» Problem:
Pictures stay out; everything else in the records gets transcribed exactly.

◆ ◆ ◆ ◆ ◆ ◆ ◆

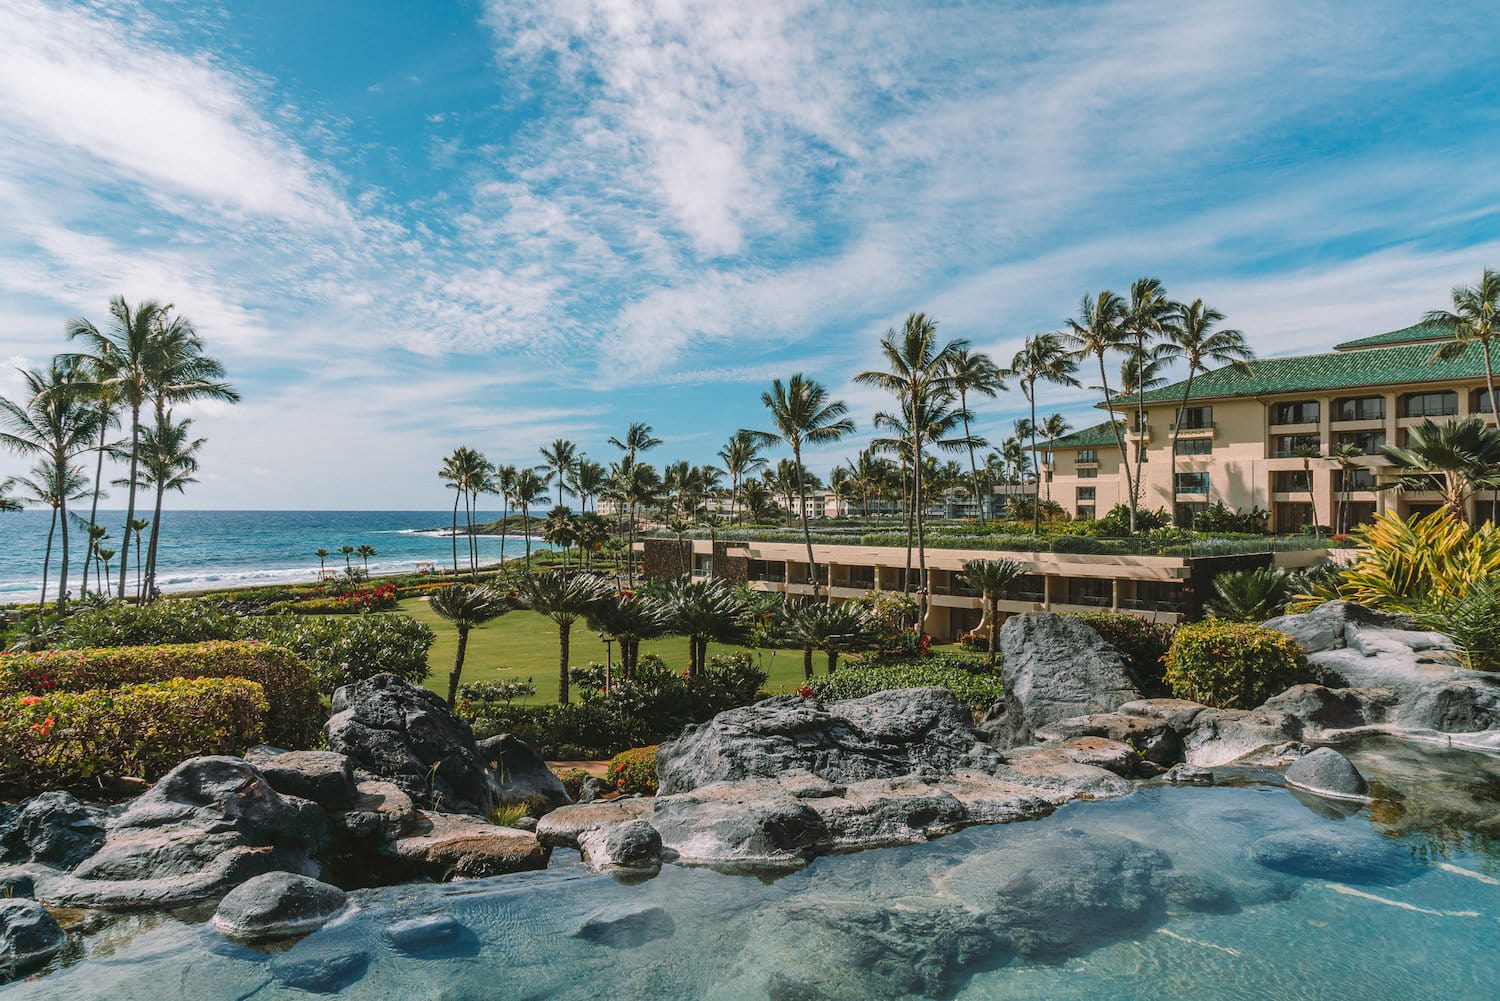 Where To Stay In Kauai 18 
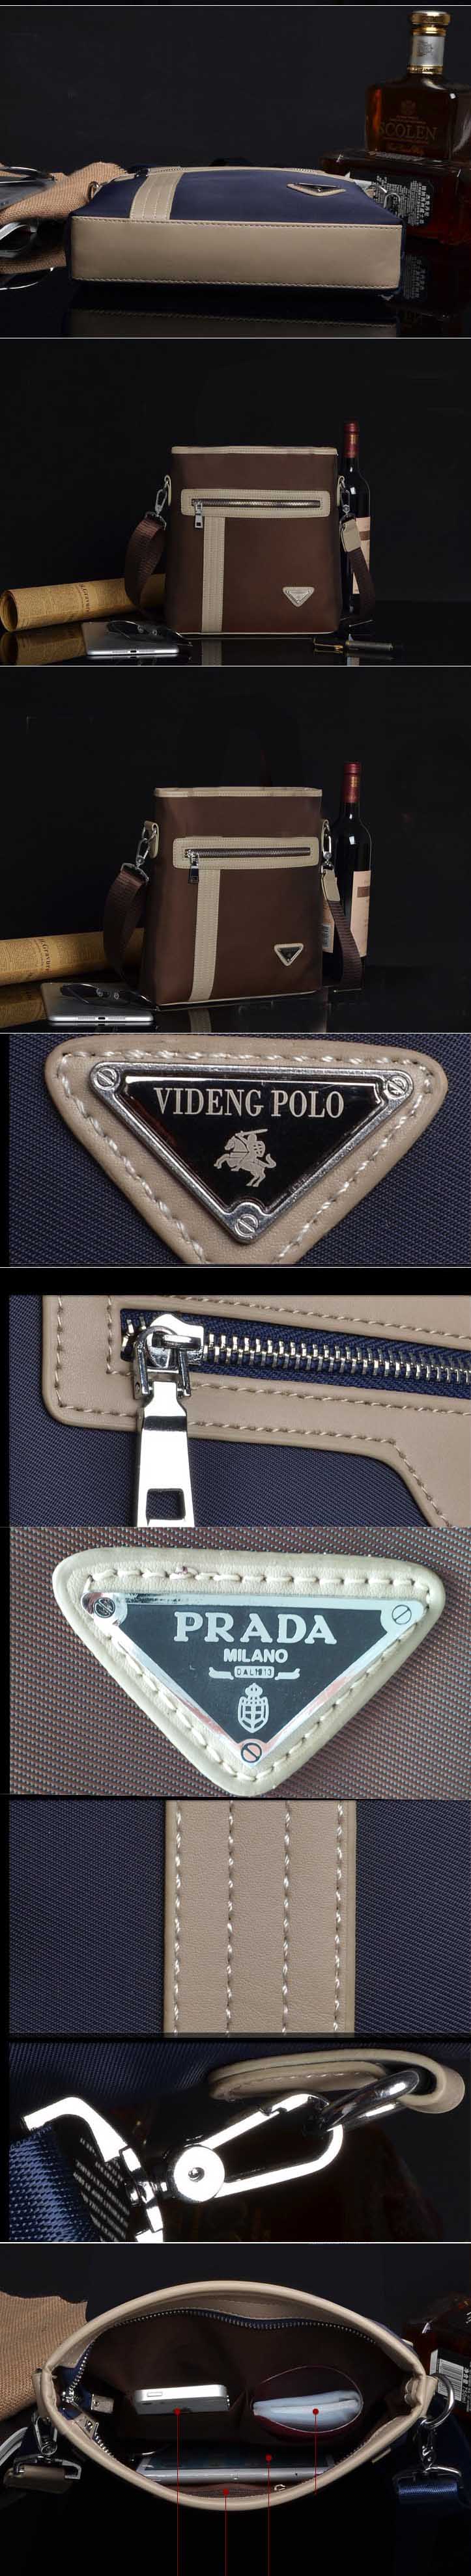 cari tas kerja pria terbaru dengan merk polo dan prada ? klik disini dan pesan online sekarang
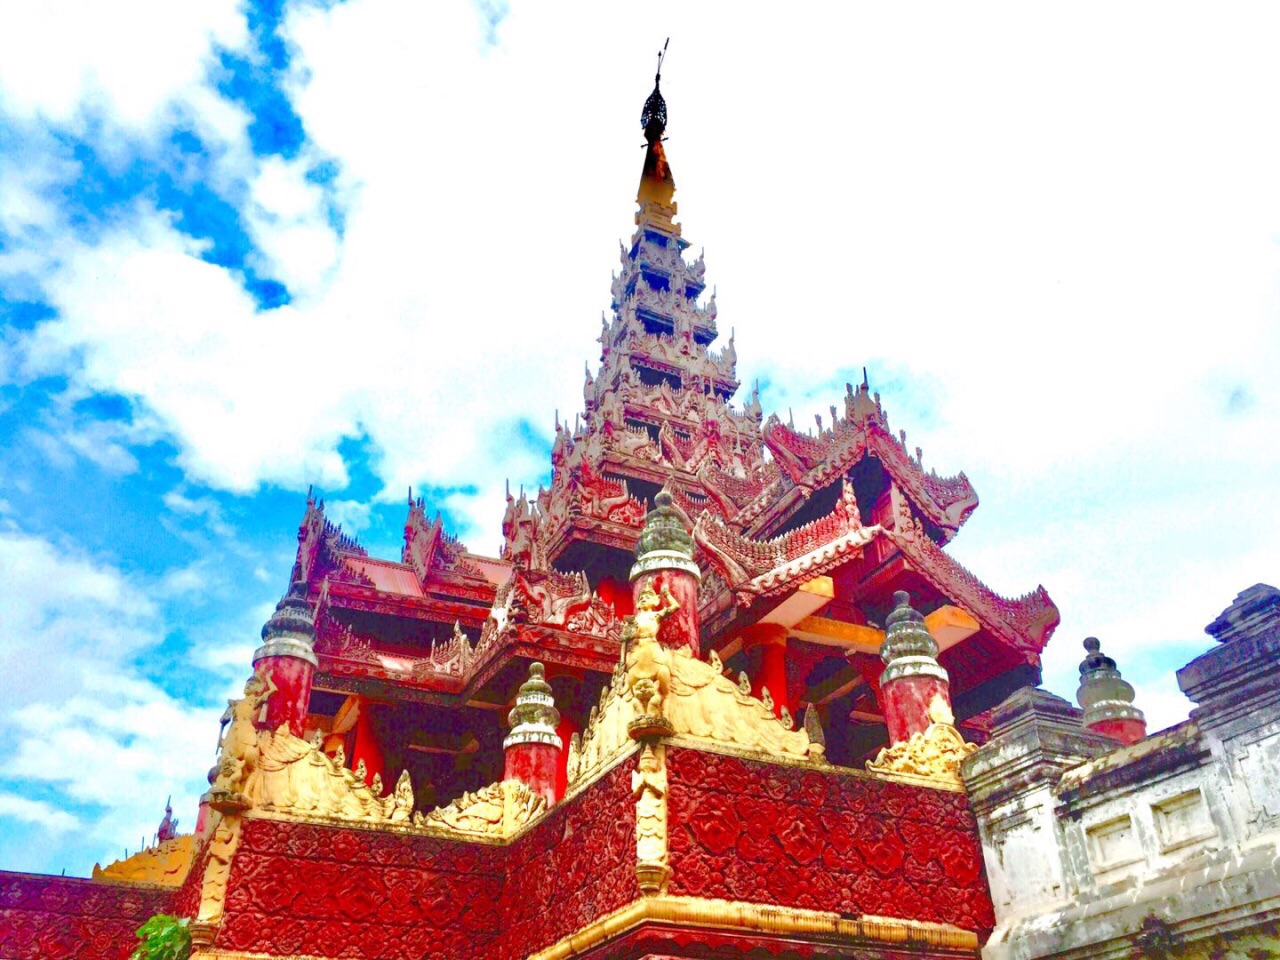 缅甸盛产柚木。勃固的旧皇宫，毫无例外，都是由柚木建成的。棕红的外墙，金色的柱子，宫殿在阳光下熠熠发光
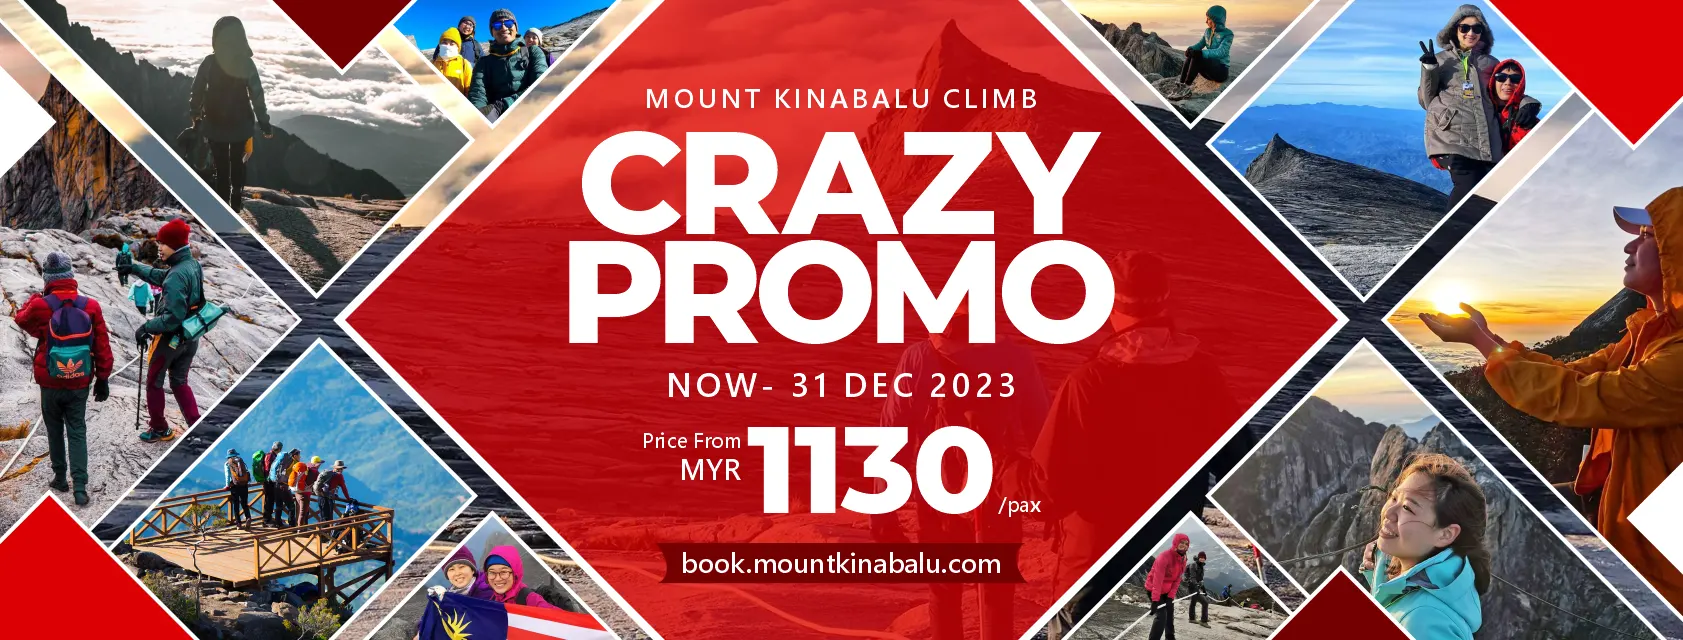 Mount Kinabalu Climb Crazy Promo book.mountkinabalu.com
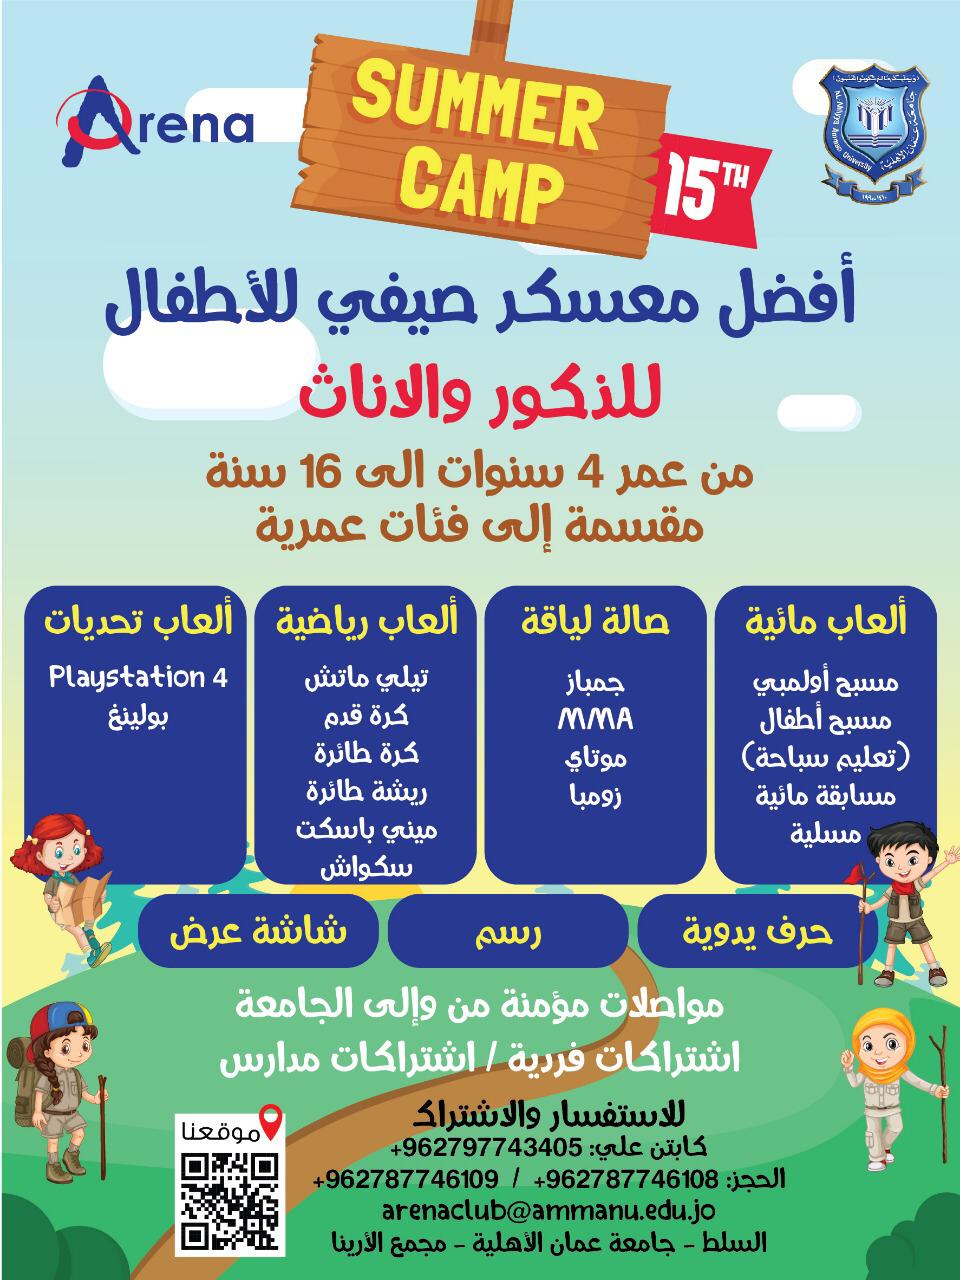 نادي الارينا الصيفي بجامعة عمان الاهلية اعتبارا من 16 حزيران الجاري
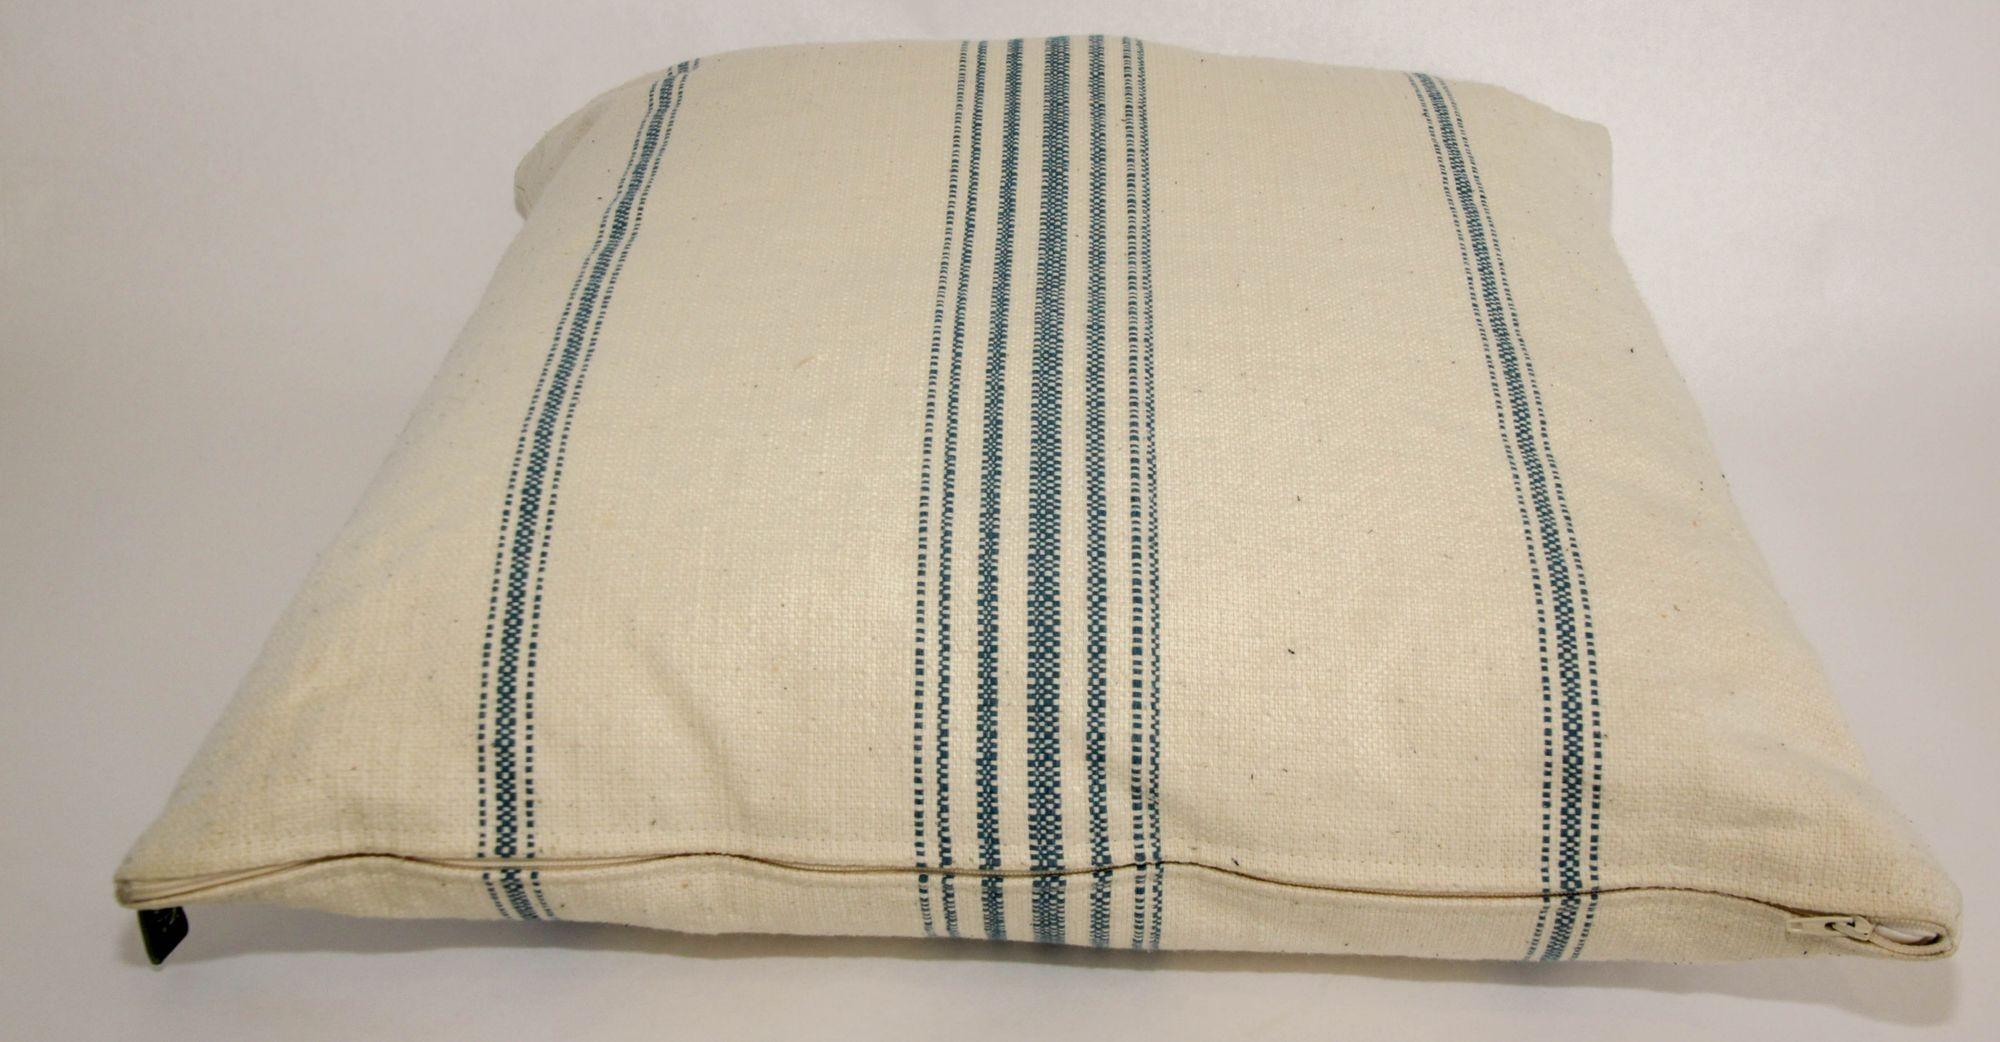 Ralph Lauren Pillow White and Blue Striped Linen Throw Pillow 2

◆ ◆ ◆ ◆ ◆ ◆ ◆

» Expected answer:
 Where To Stay In Kauai 18 
 cari tas kerja pria terbaru dengan merk polo dan prada ? klik disini dan pesan online sekarang
 缅甸盛产柚木。勃固的旧皇宫，毫无例外，都是由柚木建成的。棕红的外墙，金色的柱子，宫殿在阳光下熠熠发光
 Mount Kinabalu Climb Crazy Promo book.mountkinabalu.com
 نادي الارينا الصيفي بجامعة عمان الاهلية اعتبارا من 16 حزيران الجاري
 Ralph Lauren Pillow White and Blue Striped Linen Throw Pillow 2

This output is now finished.